Roadmap to serving LLMs with Ray

  1. Review using a model via API (featuring Anyscale Endpoints)
  2. Run a model from Huggingface locally (dev/test scenario)
  3. Introducing Ray Serve
  4. Serving and scaling LLM chat models with Ray Serve
  5. Accelerating LLMs on Ray with vLLM and other technologies

Review: Llama-2 on Anyscale Endpoints

As we’ve seen, the easiest way to get started with LLMs is to access them remotely, via API. Top solutions include

  • OpenAI API access to proprietary GPT models
  • Anyscale Endpoints API access to open models

We’re going to look at a progression from this simple approach to the more challenging tasks of hosting an open model in your own infrastructure, an approach that is popular because

  • allows complete control over the application
    • requirements and logic
    • SLAs/performance
  • retains privacy of data supplied to the model
  • can be less expensive

Today we’ll work with another similar LLM, and to make the progression clear, we’ll start with a quick review of remote access via Anyscale Endpoints

openaikey = Path('aetoken.txt').read_text()
openai.api_key = openaikey
openai.api_base = 'https://ray-summit-training-jrvwy.cld-kvedzwag2qa8i5bj.s.anyscaleuserdata-staging.com/v1'
model="meta-llama/Llama-2-7b-chat-hf"
system_msg = 'You are a helpful assistant.'
user_msg = 'What is your favorite place to visit in San Francisco?'
response = openai.ChatCompletion.create(model=model, messages=[{"role": "system", "content": system_msg},
                                         {"role": "user", "content": user_msg}])
response.choices[0].message["content"]
def quick_chat(user, temp=1.0):
    response = openai.ChatCompletion.create(model=model, temperature=temp, 
                                        messages=[{"role": "system", "content": 'You are a helpful assistant.'},
                                         {"role": "user", "content": user}])
    return response.choices[0].message["content"]
quick_chat(user_msg)

Locally run a model via Huggingface

The next step in experimenting with models is often to run them locally using the Huggingface Transformers library.
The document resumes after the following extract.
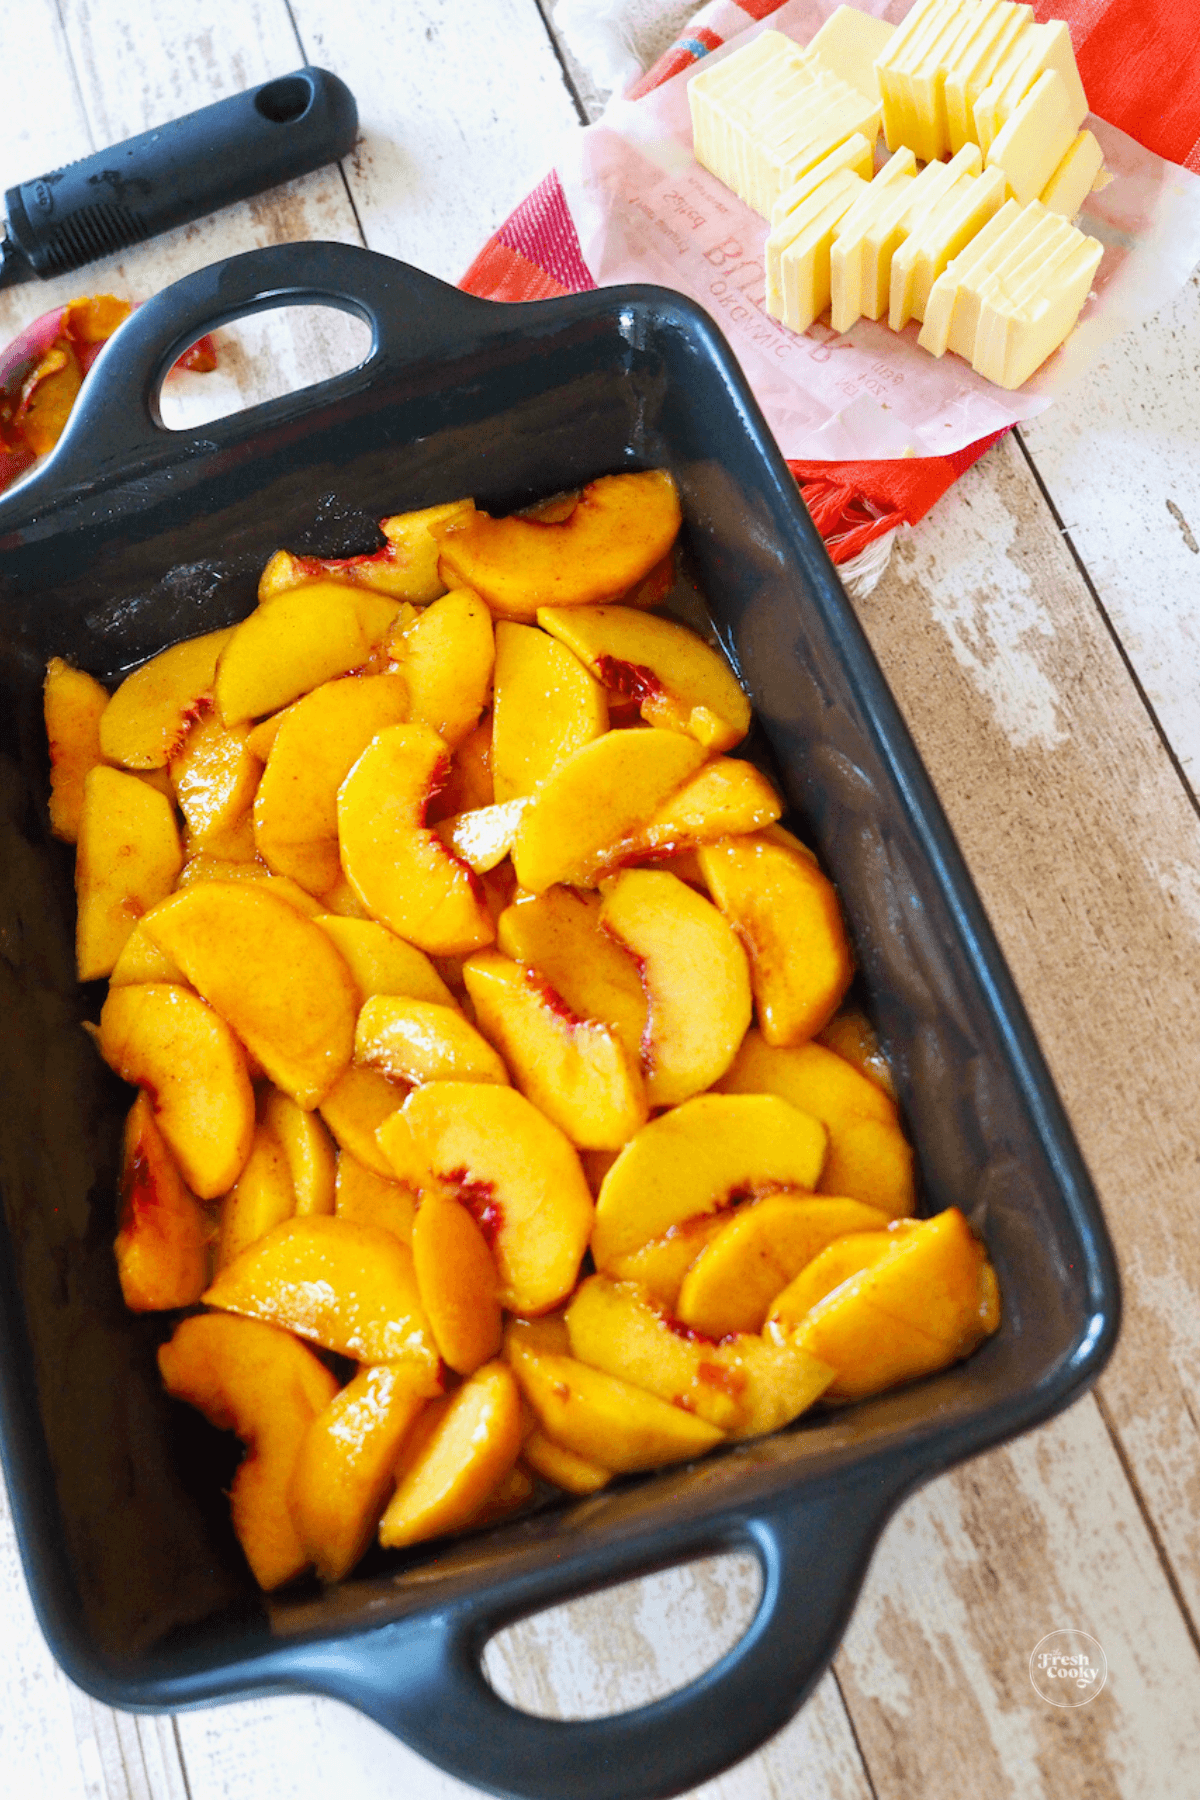 Peach mixture poured into prepared baking dish.

HF Transformers wraps a lot of common boilerplate logic for running LLMs, including

  • downloading and locally caching weights and configs
  • standardizing the request-response interface
  • providing reasonable defaults for typical workflow of generating embeddings, passing them to the model, and decoding the response

By “local” we mean a laptop or desktop with suitable hardware or your own cloud instance.

This workflow is a great way to experiment and to build upon the base models to create more complex applications. For production, we’ll want a more robust environment along several dimensions (e.g., scalability, reliability) – but we’ll come back to that.

Here we’ll set up a minimal script to run the model locally, test it out, and then delete it (and free the memory used on the GPU)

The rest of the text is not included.